Yeah, I quickly rediffed the patches I already had. The new series
leaves
it as is until die_nmi is replaced by the oops_begin/oops_end version.

>> [...]
> If you're going to add the crash_kexec here (which looking at the call
> sites, makes sense to me), you should likely remove it from the critical section
> of die and die_nmi, just to avoid the redundancy. Same issue as the 32 bit
> version above applies, this needs to happen before you call bust_spinlocks(0).

Indeed.

> Fix those issues, and the rest looks good to me.

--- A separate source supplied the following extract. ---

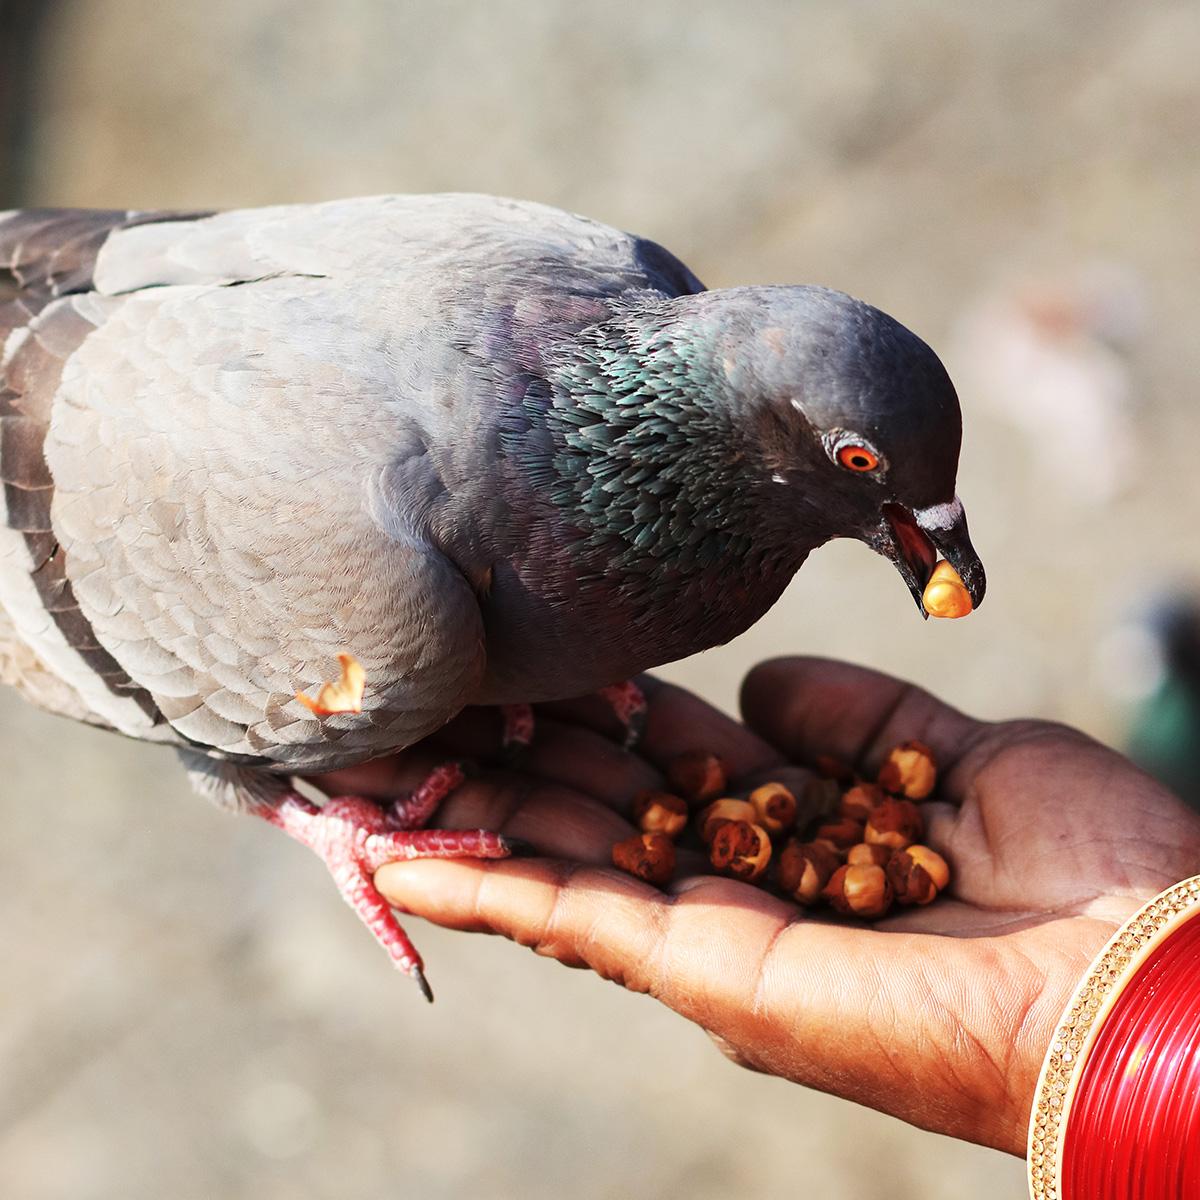 doneer duivenvoer aan de duifjes van het dierenthuisje

I think I've done that ;).

Thanks,
Greetings,
Alexander

(I will probably not be able to respond to e-mail until after the
weekend)
--
Alexander van Heukelum
[email protected]

--
http://www.fastmail.fm - mmm... Fastmail...

2008-10-22 10:37:55

by Alexander van Heukelum

[permalink] [raw]
Subject: [PATCH 5/7] i386, dumpstack: use x86_64's method to account die_nest_count

oops_begin/oops_end should always be used in pairs. On x86_64
oops_begin increments die_nest_count, and oops_end decrements
die_nest_count. Doing this makes oops_begin and oops_end equal
to the x86_64 versions.

Signed-off-by: Alexander van Heukelum <[email protected]>
---
arch/x86/kernel/dumpstack_32.c | 29 +++++++++++++++++------------
1 files changed, 17 insertions(+), 12 deletions(-)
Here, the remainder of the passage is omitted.